On My Shelf: Me Before You by Jojo Moyes

*****

Assisted suicide.

Dignified death.

Whichever euphemism you choose, the concept of human euthanasia evokes high emotions and tension.

At the time of writing this post, I just finished reading Me Before You by Jojo Moyes. And my first question is, “Why Jojo? Why did you make me feel all of these emotions before noon?”

'Me_Before_You'.jpg

Granted, I knew how the story ended. I previously read articles written from a Christian perspective discussing the novel and the subsequent movie. People within the disabled community called for a boycott claiming misrepresentation, feeling devalued.

As I read the inspiring and devastating fictional story of Will Traynor my senses of moral justice and mercy combatted as I struggled to reconcile his choices with mine.

A quadriplegic, Will Traynor faces the decision whether or not to end his own self-declared miserable existence. He battles the will of his family and caretaker, Louisa Clark, for whom he eventually develops feelings.

The title Me Before You, interpreted from different angles, begs the question: Is it me (Louisa) asking you (Will) to put me first and change your mind?
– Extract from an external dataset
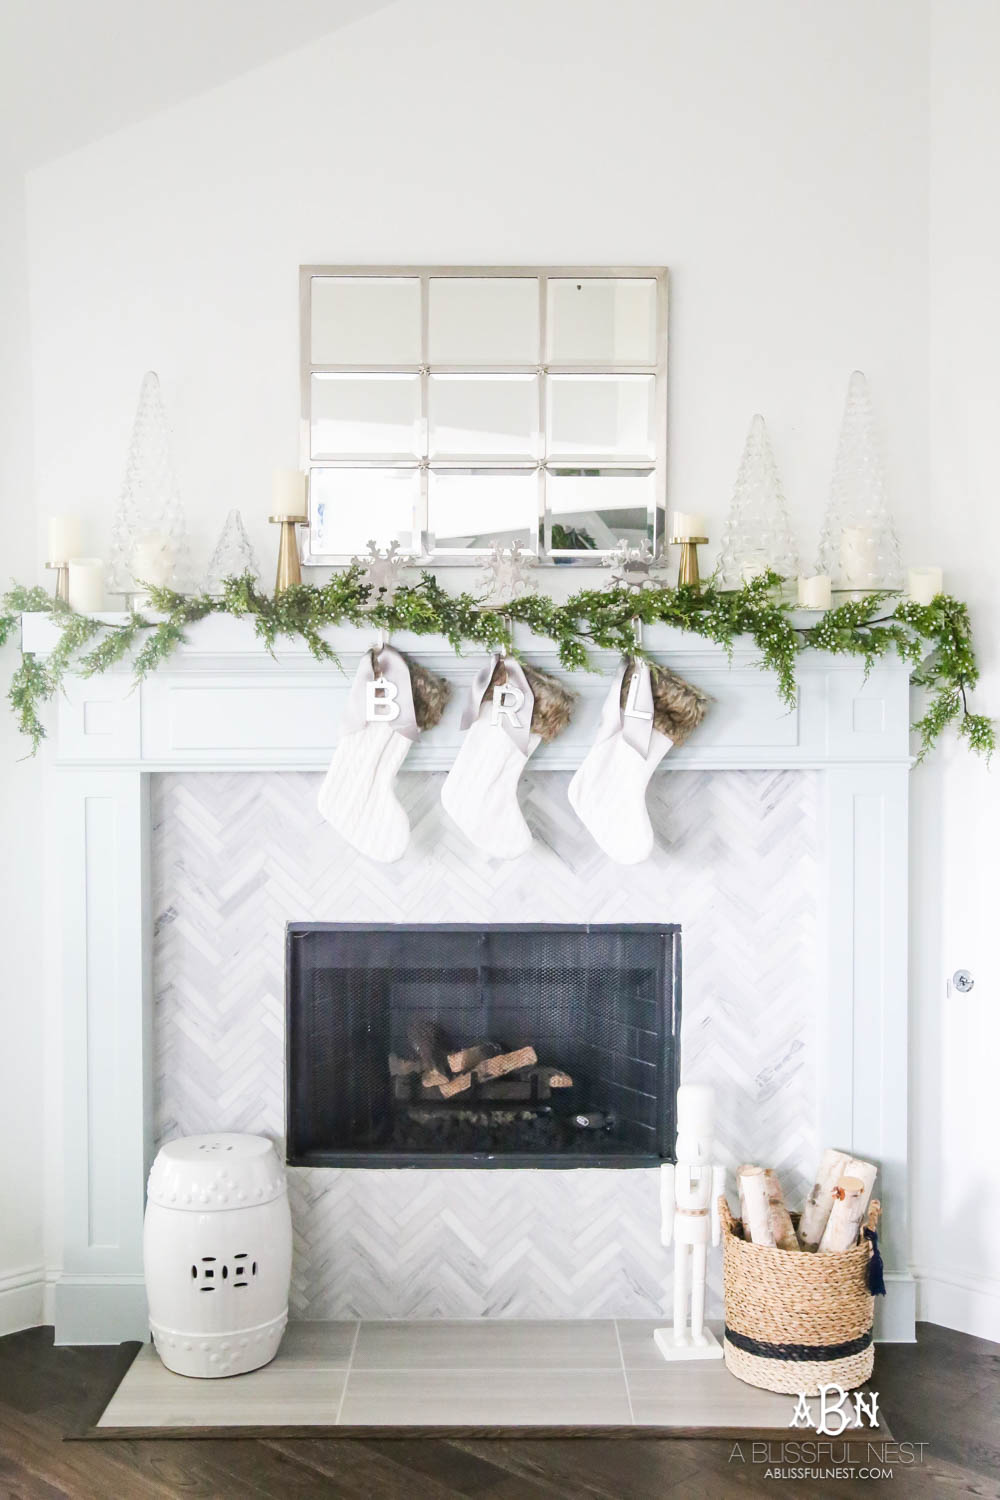 Gorgeous blue and silver Christmas mantle décor with juniper berry garland and glass hurricane Christmas trees. Simple and festive holiday décor in this open concept living space. Check out all the white, silver and gold Christmas decor in this holiday home tour on ABlissfulNest.com. #ABlissfulNest #Christmasdecor #Christmasdecorating #CoastalChristmasdecor #christmastree #christmasmantle

Or is it me (Will) asking you (Louisa) to put my comfort before your own?

Or is it possibly Louisa’s and Will’s separate lives before they overlapped and changed forever?

40696186341_d1ec3f76cd_n.jpgWithout giving too much away, the storyline climaxes with heated explicit remarks from Louisa claiming that Will is being extremely selfish choosing to end his life prematurely.

A Christian who views all human life as equally valuable, I wrestled with the idea of assisted suicide, struggling with the thought that people could be so miserable that they saw death as their only logical option.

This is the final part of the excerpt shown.